PROVIDED INFORMATION:
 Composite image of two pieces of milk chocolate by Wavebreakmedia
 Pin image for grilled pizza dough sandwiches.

==

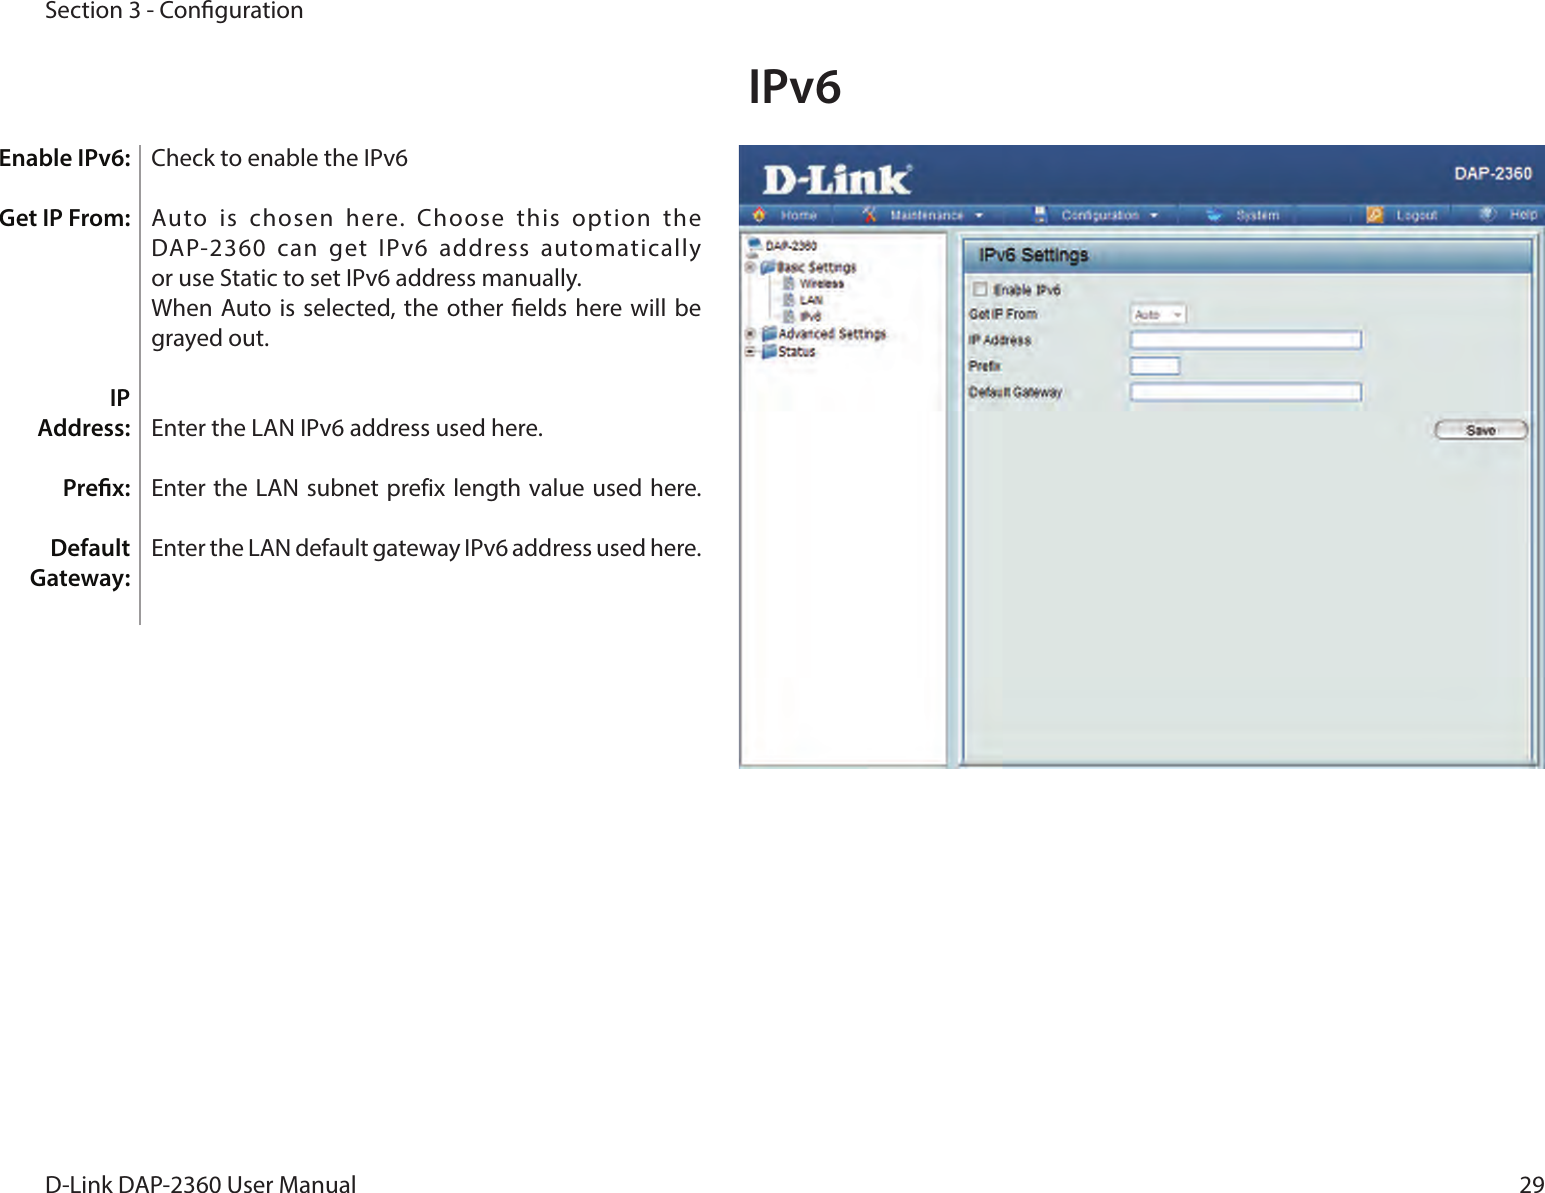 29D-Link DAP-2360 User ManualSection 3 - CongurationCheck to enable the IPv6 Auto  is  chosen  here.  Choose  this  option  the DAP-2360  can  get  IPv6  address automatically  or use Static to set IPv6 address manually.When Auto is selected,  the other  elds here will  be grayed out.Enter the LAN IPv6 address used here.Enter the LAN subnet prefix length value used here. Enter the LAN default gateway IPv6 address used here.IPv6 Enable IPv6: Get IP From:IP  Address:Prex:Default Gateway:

EXERCISE DESCRIPTION: Return the span of lines in the data above that opens at the line with "Composite image of" and closes at the line with "Pin image for", exactly, ends included, nothing else.

YOUR SOLUTION:
 Composite image of two pieces of milk chocolate by Wavebreakmedia
 Pin image for grilled pizza dough sandwiches.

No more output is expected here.